I agree that things look not as tidy as it’s supposed to be. If you feel like there needs to be a change, feel free to send PRs and updates or at least come up with concrete suggestions.

In the worse case, if the other repo works, you can always use that one. They exist for a reason.

Edit:

I just checked the config.json

try instead

location_attn: true,
prenet: original,
use_forwarsd_attn: false

1 Like

As soon as I figure out how to make it work I’ll make a tutorial with what works for me.

Right now I’ve tried the Tacotron2 DDC model and fine-tuned it on my dataset, it finally trains properly but the results are kind of high-pitched/muffled after 8 hours, not sure if it requires training for longer?

Here are some statistics:

and here are some alignment charts:

Here is my config.json

My dataset is modelled after LJSpeech, it has 2462 wav files between 6 and 12 seconds in length, the speech is clear with no noise.

Two samples to compare the outputs:

DDC would not work with “ddc_r”: 1, set it to 7. And disable forward attention initially for the first run.

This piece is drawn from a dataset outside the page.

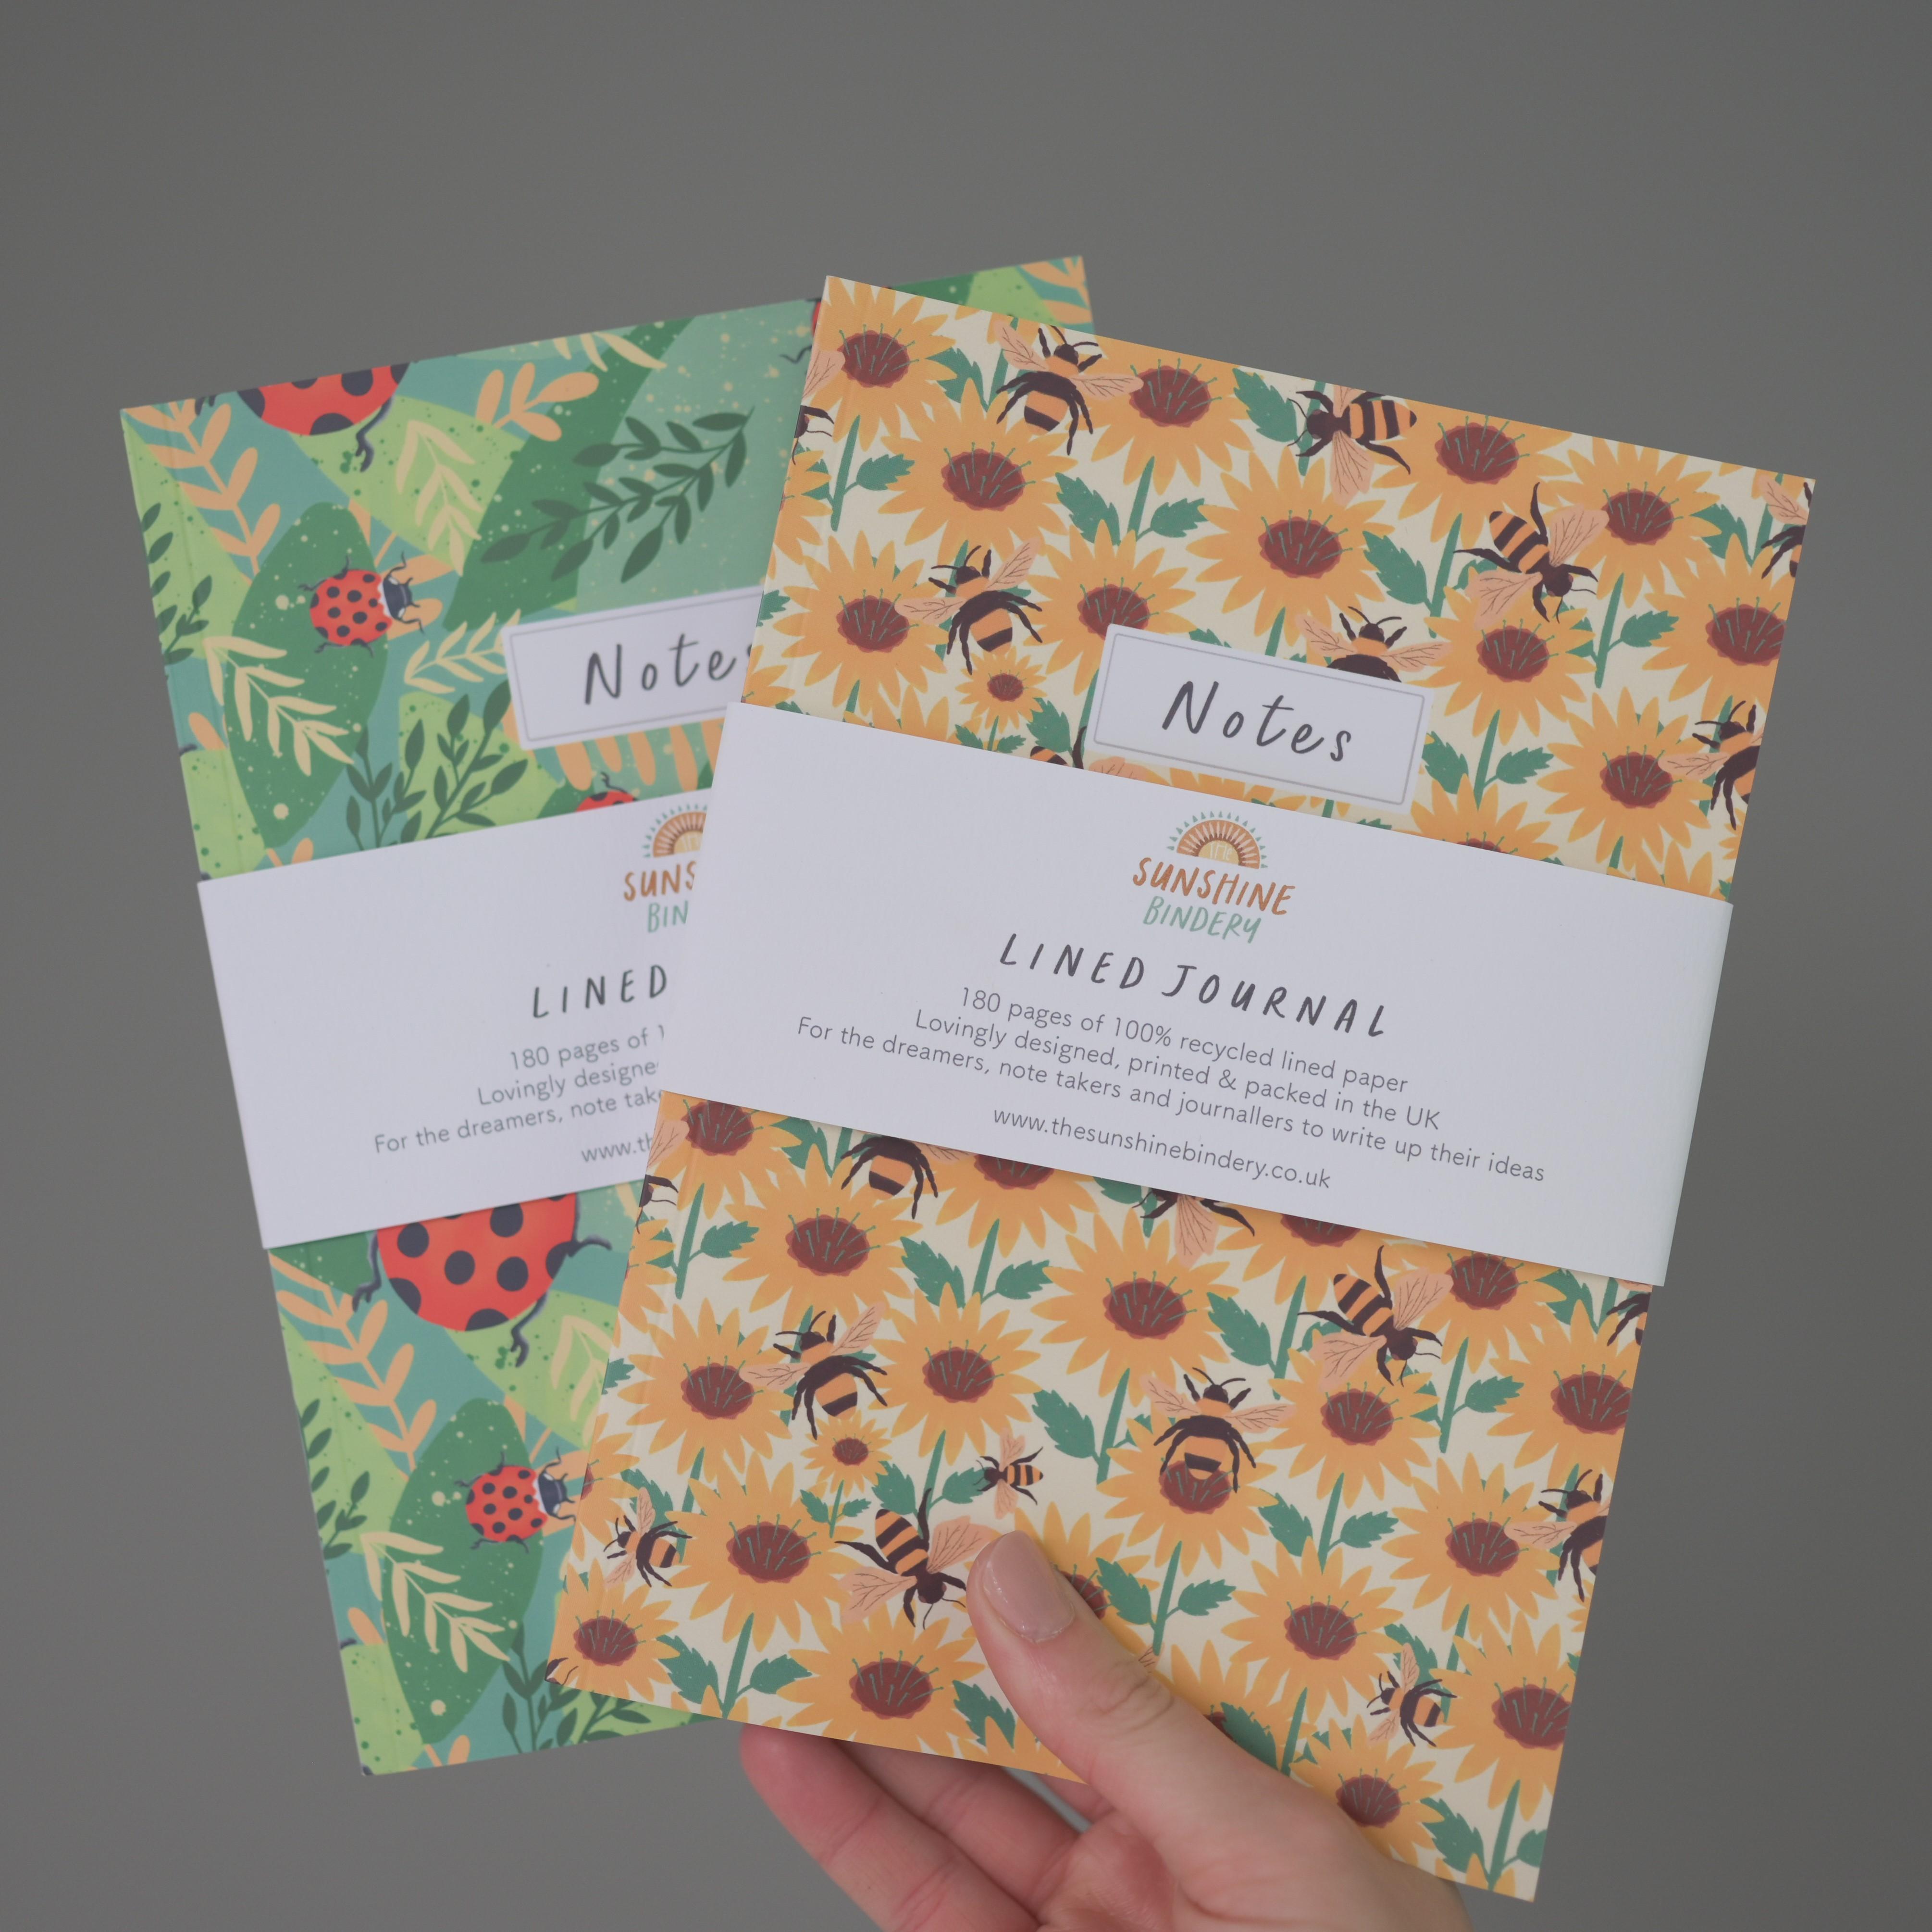 Journal, The Sunshine Bindery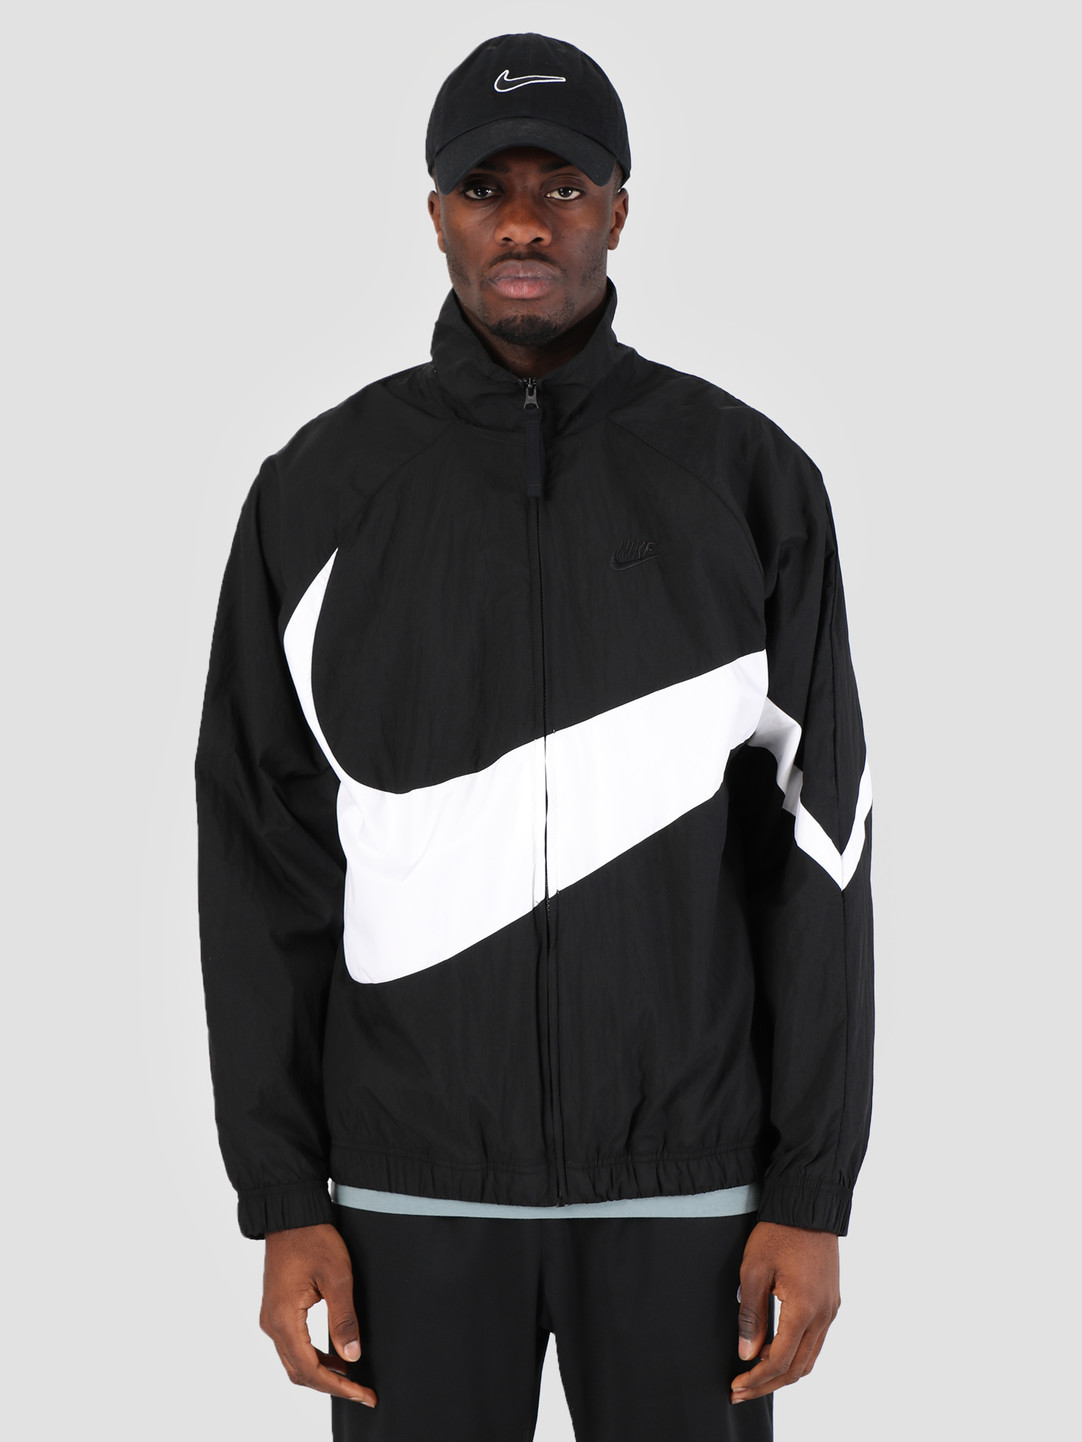 the best attitude 65581 70a9f Nike Nike Sportswear Jacket Black White Black Black Ar3132-010

Trained again with “ddc_r” set to 7 and forward attention disabled, it’s marginally better, although still nowhere as good as the original Tacotron2.

I’ve trained for 8 hours using exactly these steps, of course with my own dataset instead of LJSpeech.

Some results:

In the meantime I have also fine-tuned WaveGlow for a run on another language I had trained on the Tacotron2 model from NVIDIA’s repo, and it worked perfectly, so again, I’m pretty sure I’m missing some parameter here somewhere.
:confused:

It sounds like the dataset has some background noise. Maybe you can try some preprocessing with audio software. Also, you could try and see if you can get good results training from scratch. 8 hours should definitely get you intelligible speech. Maybe when the frames drop to 2 it will be very erratic, but I remember training my first TTS on 5 hours of speech and it wasn’t clean either,.

I’ve cleaned up the dataset as much as I can, trained both the TTS and vocoder on the new dataset and I still get the same problem.
I’m giving up on this for now, I’ve been battling with it for more than a month, I’ll just stick with NVIDIA’s repos which work fine. Thank you all for the help.